Gov’t Researcher Responds to Wine Contamination Allegations

August 14, 2012

China is greatly concerned about pesticide residue levels in wines and other food products, a government researcher said Monday.

Yan Weixing, a researcher with the China National Center for Food Safety Risk Assessment, said pesticide residue, which he believed was unavoidable in a modernized world, would pose no threat to humans if it is controlled within the normal range and its risks are fully gauged before use.

Yan also pledged that the health authorities would tighten supervision over pesticides when he was asked to respond to an alleged wine contamination case during a Health Ministry press conference.

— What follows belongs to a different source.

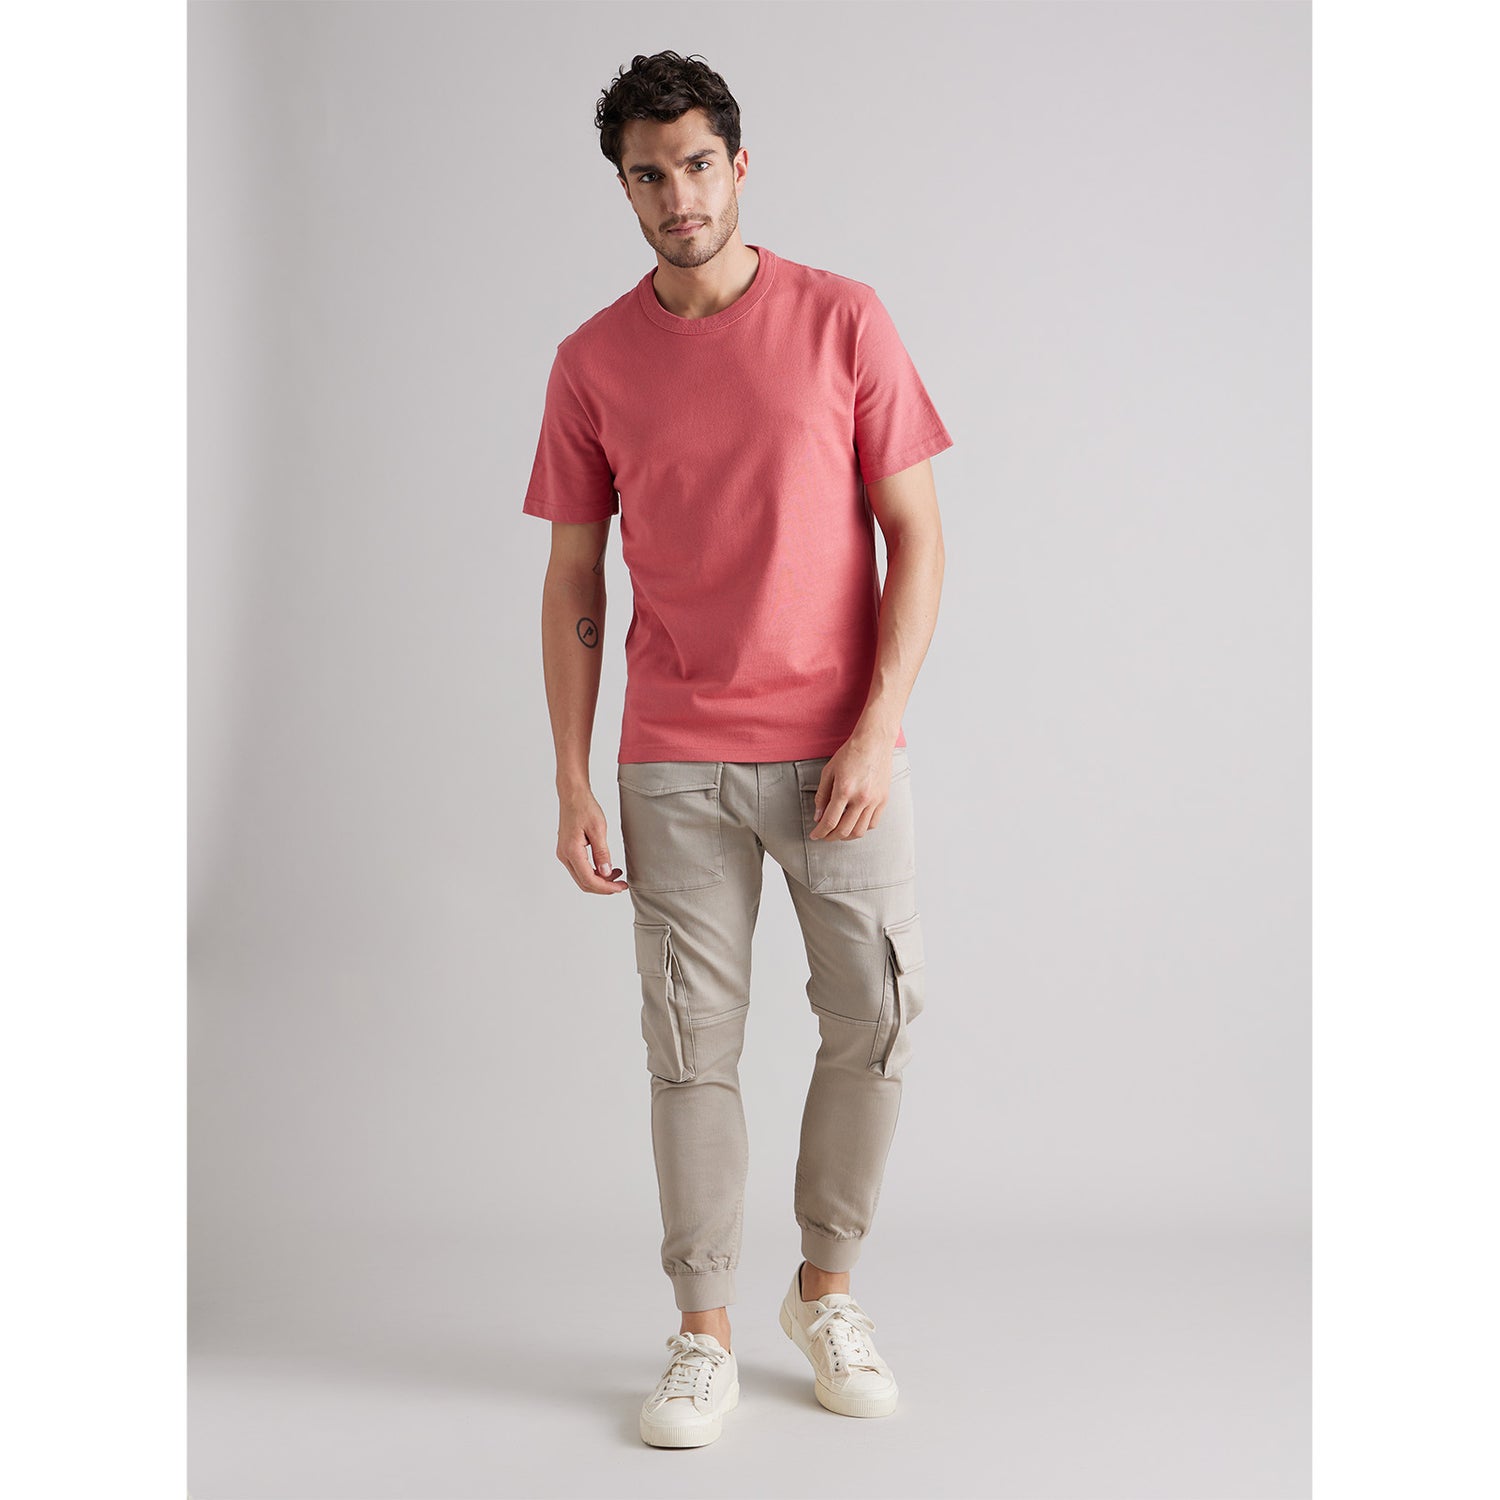 Men Solid Pink Short Sleeve T-shirt (Various Sizes)

The Securities Market Weekly, a Chinese financial magazine, carried a report on Aug. 9 saying that 10 wine products from three Chinese wine makers were sample tested and found to contain excessive levels of pesticide residues carbendazim and metalaxyl.

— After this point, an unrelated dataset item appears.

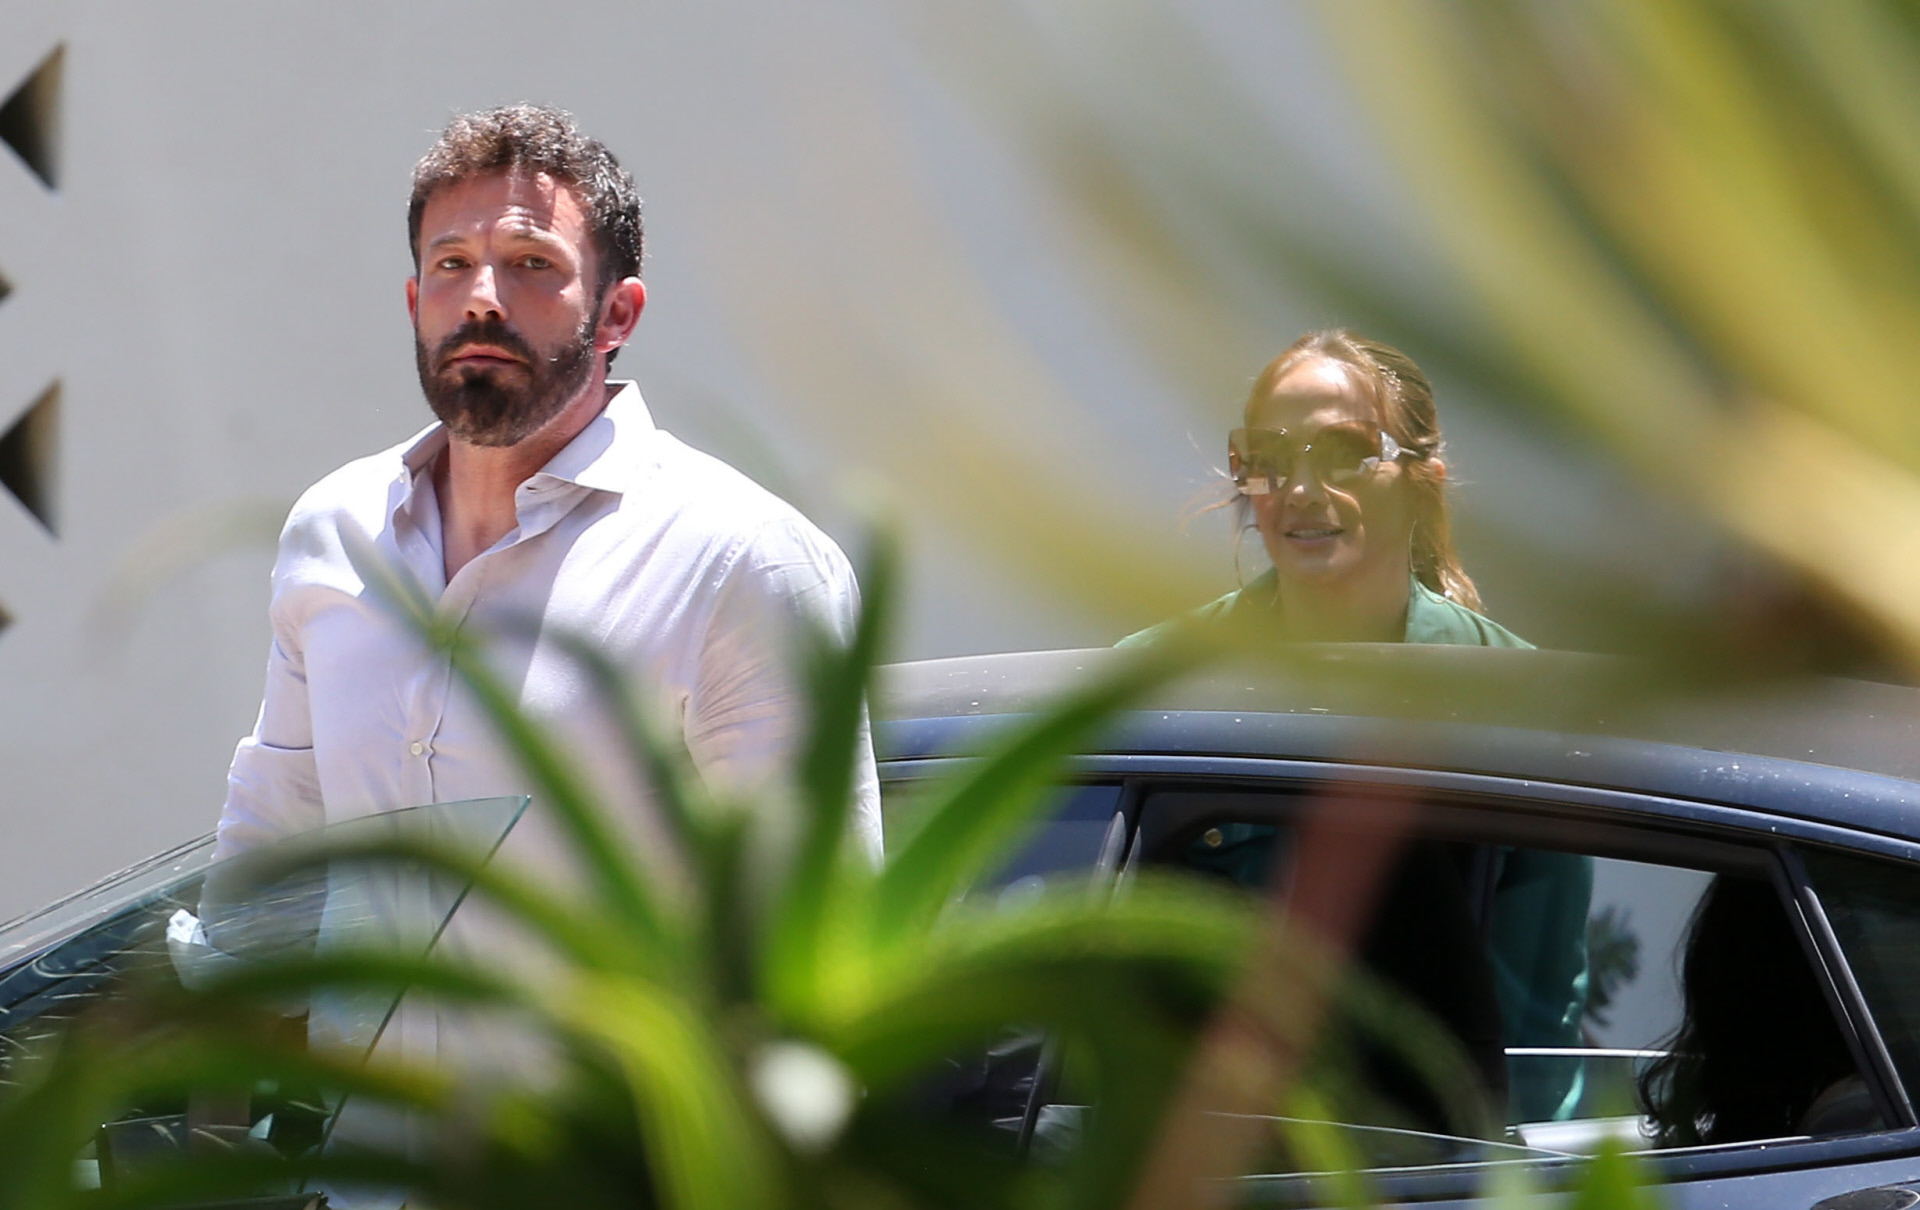 Ben Affleck and Jennifer Lopez, in a recent image.

High doses of carbendazim, a widely-used fungicide, could cause infertility issues and could possibly lead to liver cancer, according to the magazine.

Following the report, the board of directors of Changyu, a leading Chinese wine maker whose products were listed among the samples, issued a statement on its official website on Aug. 11, saying all its products were up to national standards.

Song Quanhou, deputy head of the China National Research Institute of Food & Fermentation Industries, who signed the sample test report, told the media on Aug. 11 that the samples could not be identified as Changyu products and no past record has shown that the company’s products were contaminated by pesticides.

According to the results of the sample test, the amount of carbendazim contained in the wine samples ranged from 0.00157mg/kg to 0.01942 mg/kg, below the maximum pesticide residue limits set by the EU and China, which are set at 0.5 mg/kg and 3mg/kg, respectively. The amount of metalaxyl in the wine samples ranged from 0.00211mg/kg to 0.01414 mg/kg, below the maximum pesticide residue limits in the EU and China, which are both set at 1 mg/kg.